▶ Source material
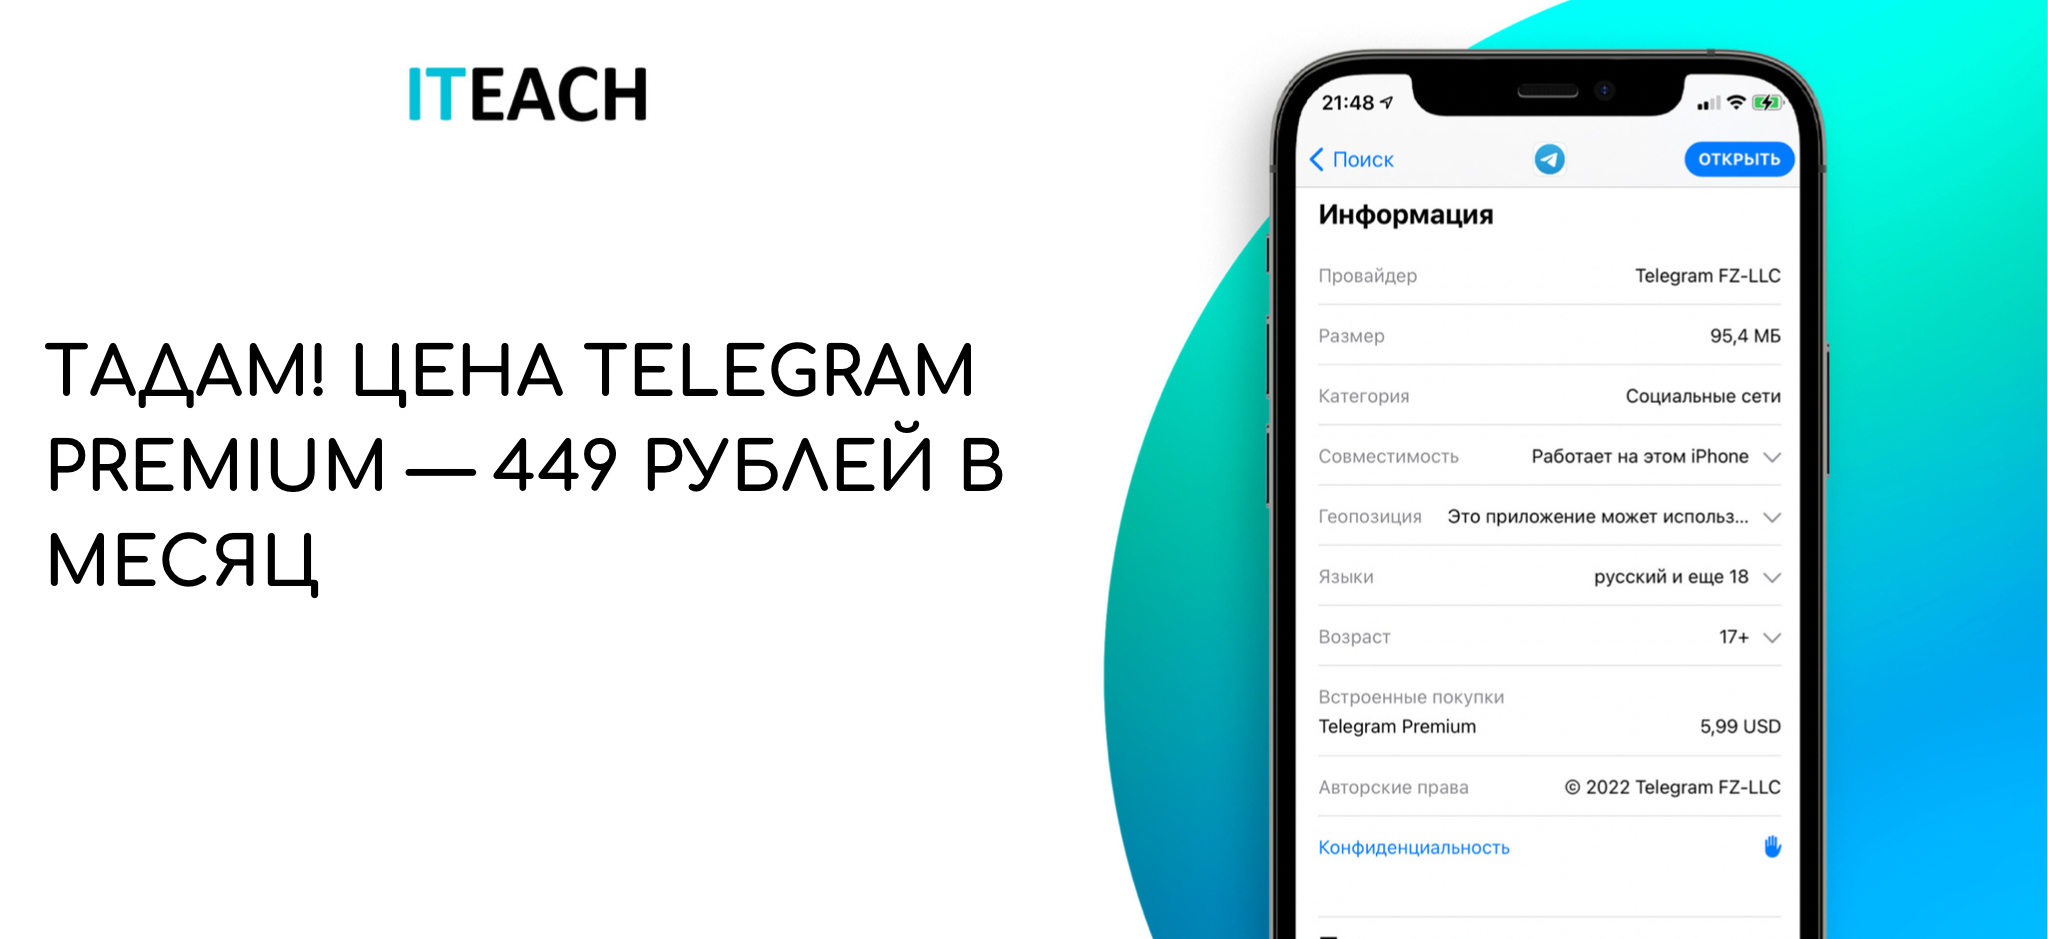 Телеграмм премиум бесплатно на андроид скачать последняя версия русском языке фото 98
==
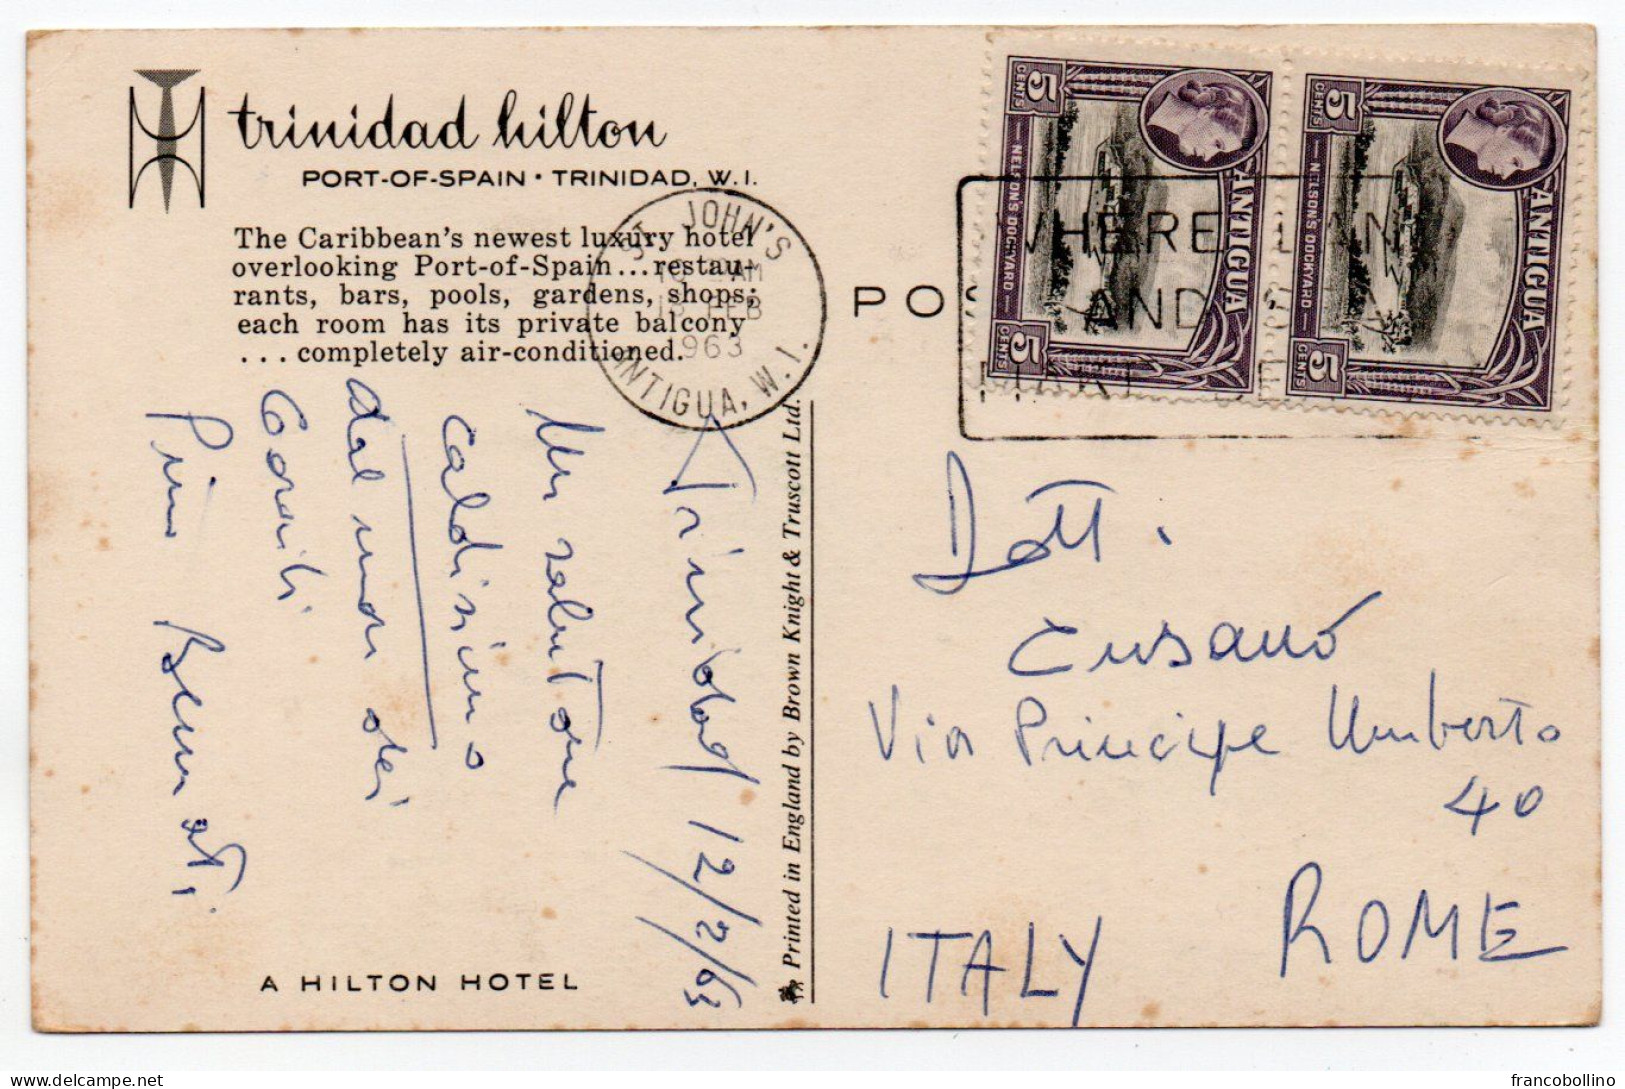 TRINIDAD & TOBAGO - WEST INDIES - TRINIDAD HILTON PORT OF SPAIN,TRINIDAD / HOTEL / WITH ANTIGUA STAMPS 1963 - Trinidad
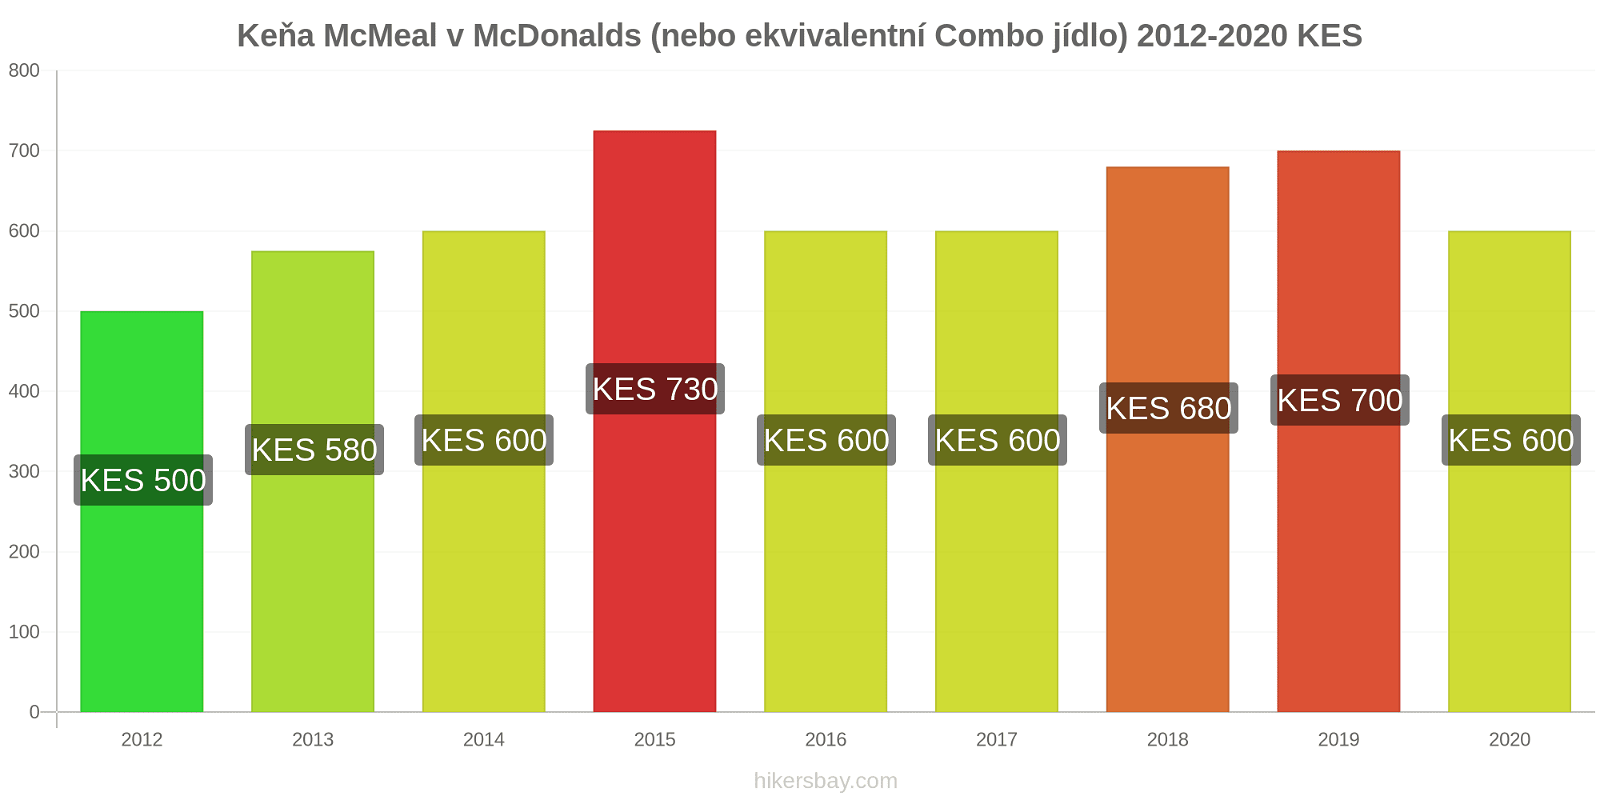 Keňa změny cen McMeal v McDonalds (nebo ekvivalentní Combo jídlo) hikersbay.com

▶ What to produce
Look through the material above. Transcribe exactly the lines between the ones with "TRINIDAD & TOBAGO" and "Keňa změny cen", inclusive, and keep pictures out.

▶ Task output
 TRINIDAD & TOBAGO - WEST INDIES - TRINIDAD HILTON PORT OF SPAIN,TRINIDAD / HOTEL / WITH ANTIGUA STAMPS 1963 - Trinidad
 Keňa změny cen McMeal v McDonalds (nebo ekvivalentní Combo jídlo) hikersbay.com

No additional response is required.